The 200M target is a floor — proposers can vote it higher block-by-block, as they currently do above the 30M baseline that Pectra set. Whether validators actually run at 200M from day one is a separate question from whether the consensus protocol allows it.

What it changes for operators

  • Validator operators. ePBS replaces the mev-boost trust assumption with a protocol-level commitment-reveal pattern. Existing relay setups need to be re-evaluated against the new flow; the timing of the proposer's slot changes, which interacts with attestation deadlines.
  • Block builders and searchers. The off-chain auction continues, but the settlement primitive shifts. Builder reputation systems and bond mechanics are explicit on-chain rather than implicit on relay policy.
  • Execution clients. BALs add a new pre-execution stage.
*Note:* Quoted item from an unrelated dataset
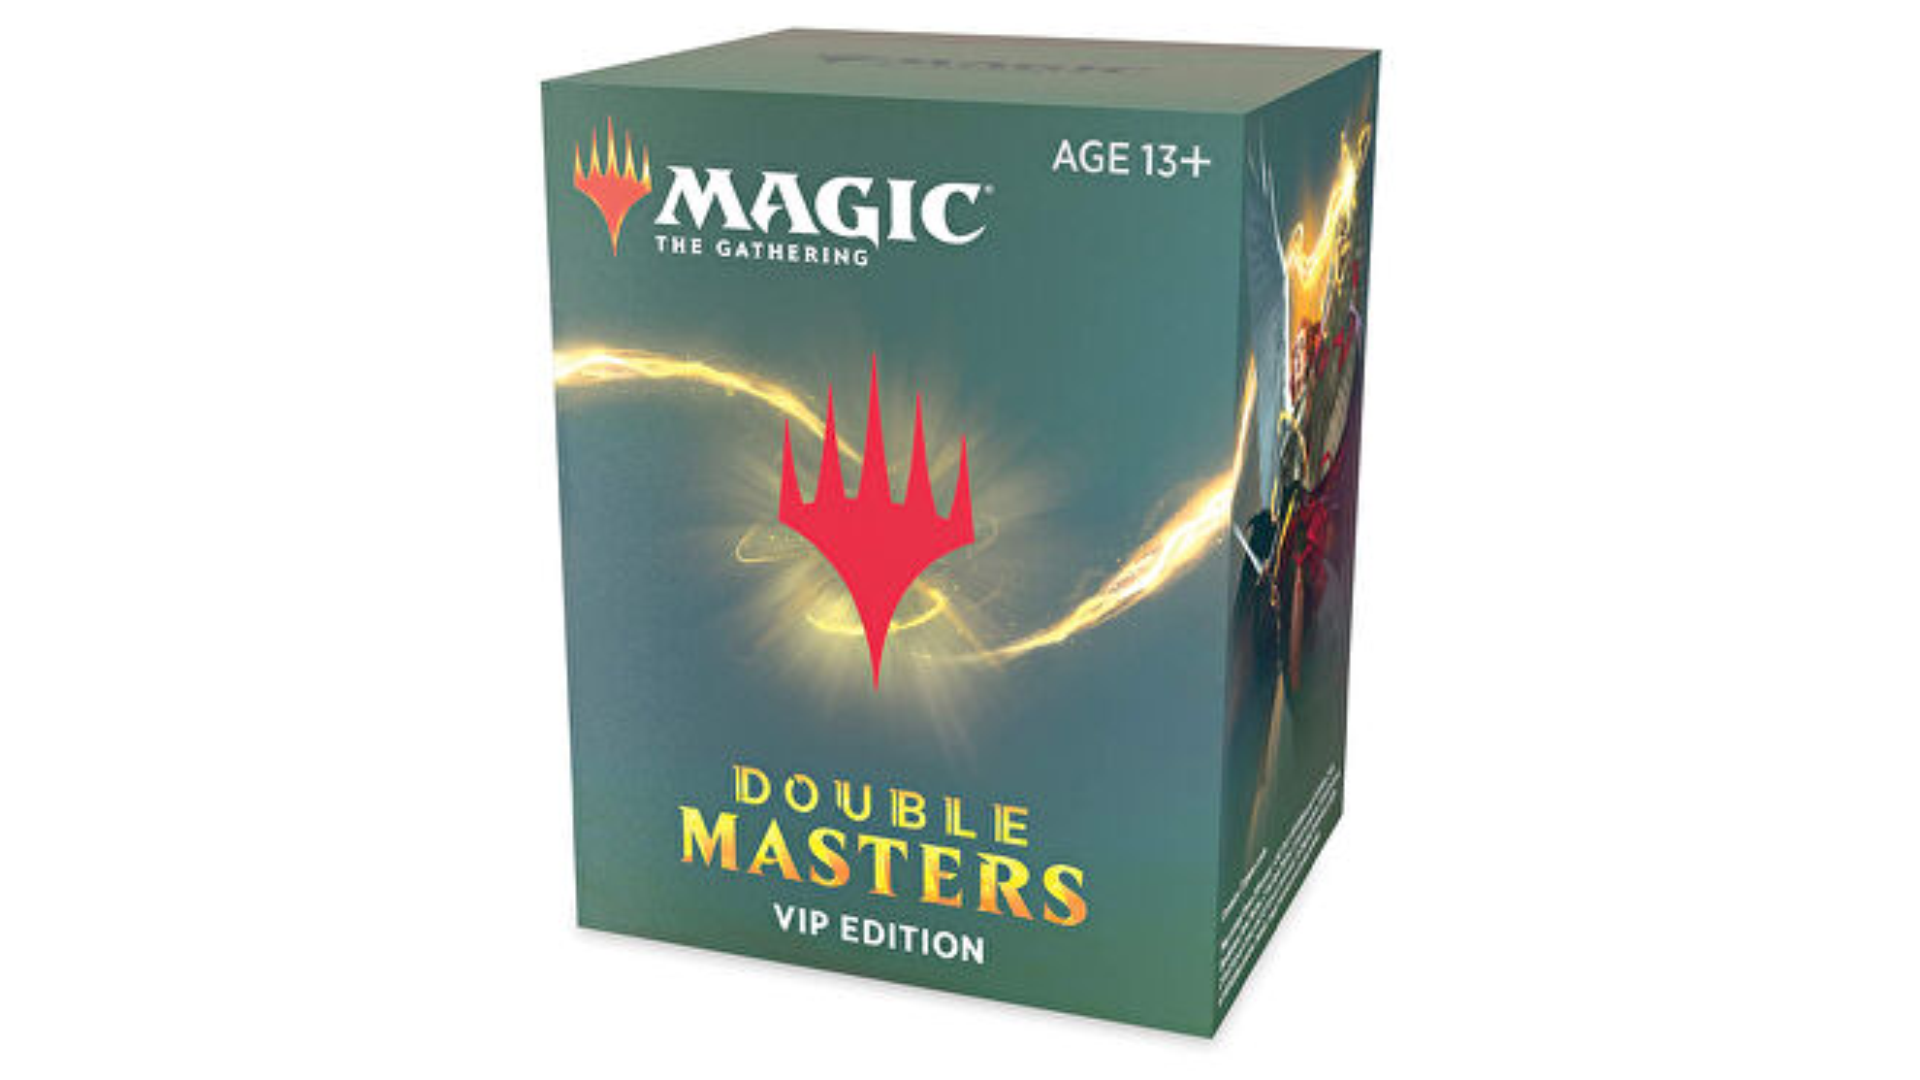 mtg-double-masters-vip-edition.jpg

Implementations that already parallelise transactions (Reth's pipelined design, Erigon's staged sync) start with a structural advantage; sequential clients carry the larger porting cost.
  • dApp builders. Most application code is untouched. The two contract-visible effects are the EIP-7904 gas repricing (some opcodes get cheaper, some get more expensive — re-estimate gas on the public testnet) and any contract that explicitly inspects block-builder addresses.

What to watch

  1. Devnet stability. The relevant signal is whether devnet-5/6 produce blocks without restarts across all client pairs for multi-day runs. The ethpandaops dashboards and the All Core Devs calls are the primary trackers.
  2. Testnet schedule. Hoodi was the Pectra/Fusaka testnet path; the Glamsterdam testnet order has not been publicly fixed. Expect Holesky and Sepolia activations between devnet stabilisation and mainnet.
  3. ACD calls. All Core Devs (Execution + Consensus) meetings publish notes on the ethereum/pm GitHub repo. The hardening checklist surfaces there first.
  4. Mainnet date proposal. A specific epoch/slot proposal lands at an ACD call after testnets settle. Mid-summer announcement, late-summer or early-autumn activation, is the implied window from the H2 framing.
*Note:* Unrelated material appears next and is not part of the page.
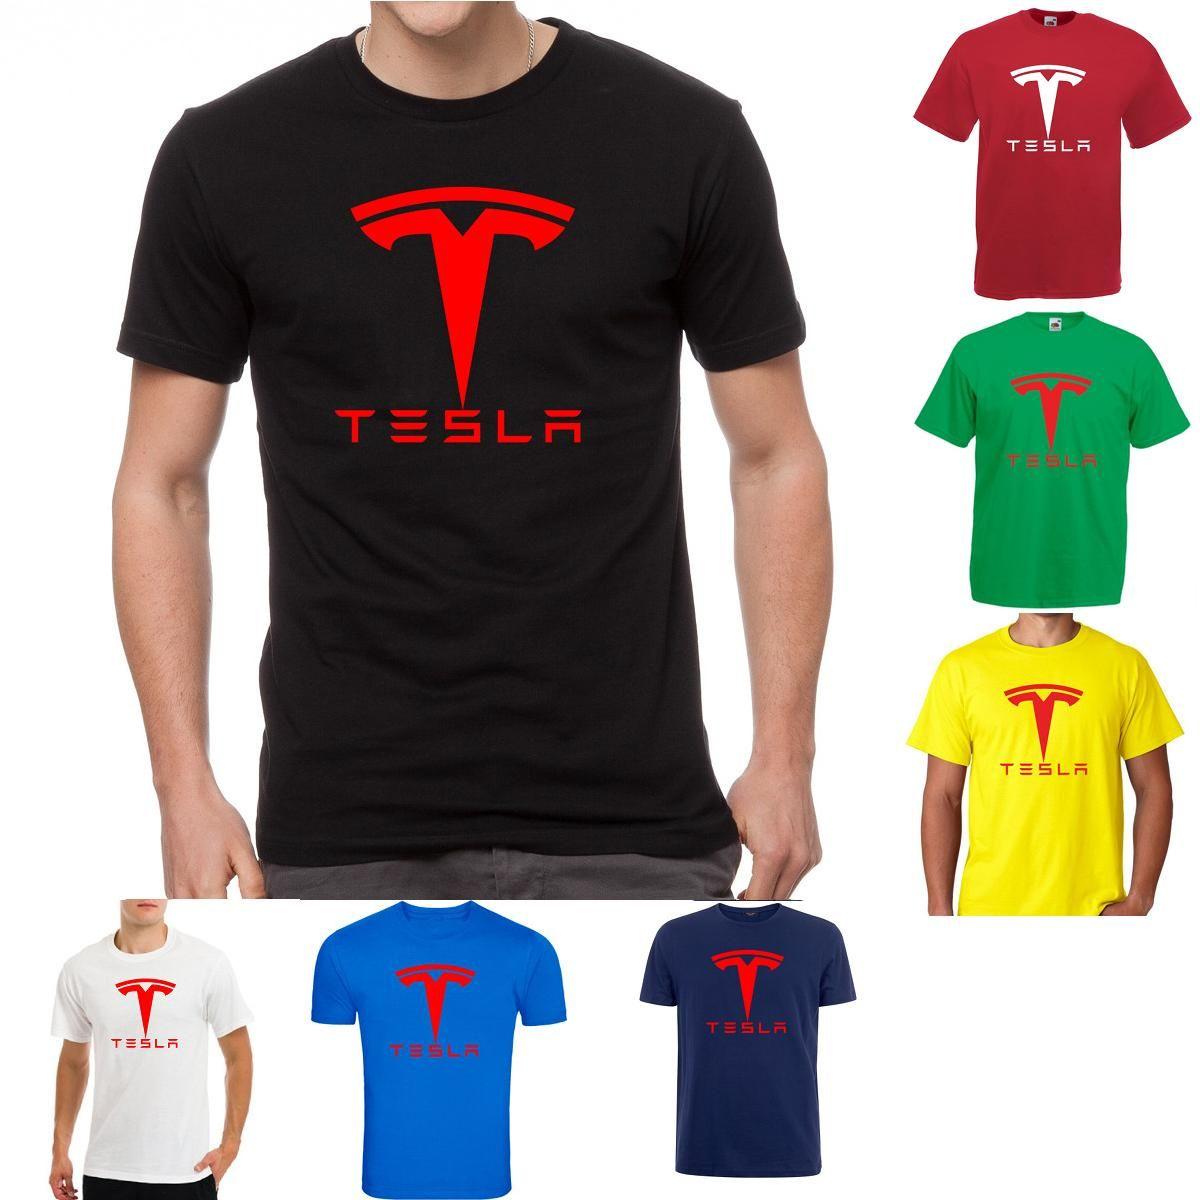 3c58a9791 Tesla Motors Car Elon Musk Fan Moto Rally Electric Nikola Nerd Geek T Shirt  100% Cotton T Shirts Brand Clothing Tops Tees High Quality Novelty Shirts  ...

Context — biggest fork since the Merge

Glamsterdam is the most-changed Ethereum fork since the Merge in 2022. Pectra (May 2025) shipped EOA delegation, validator-balance changes and small calldata adjustments — surface-level tuning. Fusaka (December 2025) shipped EIP-7594 (PeerDAS) for data-availability scaling. Glamsterdam, by contrast, touches the consensus protocol (ePBS), the execution-layer state model (BALs) and the gas-pricing schedule simultaneously. The merged-devnet phase is where forks of this scope earn or lose their planned activation window — Shapella, Dencun and Pectra each held devnet-stage timelines; Fusaka's slipped by roughly a quarter.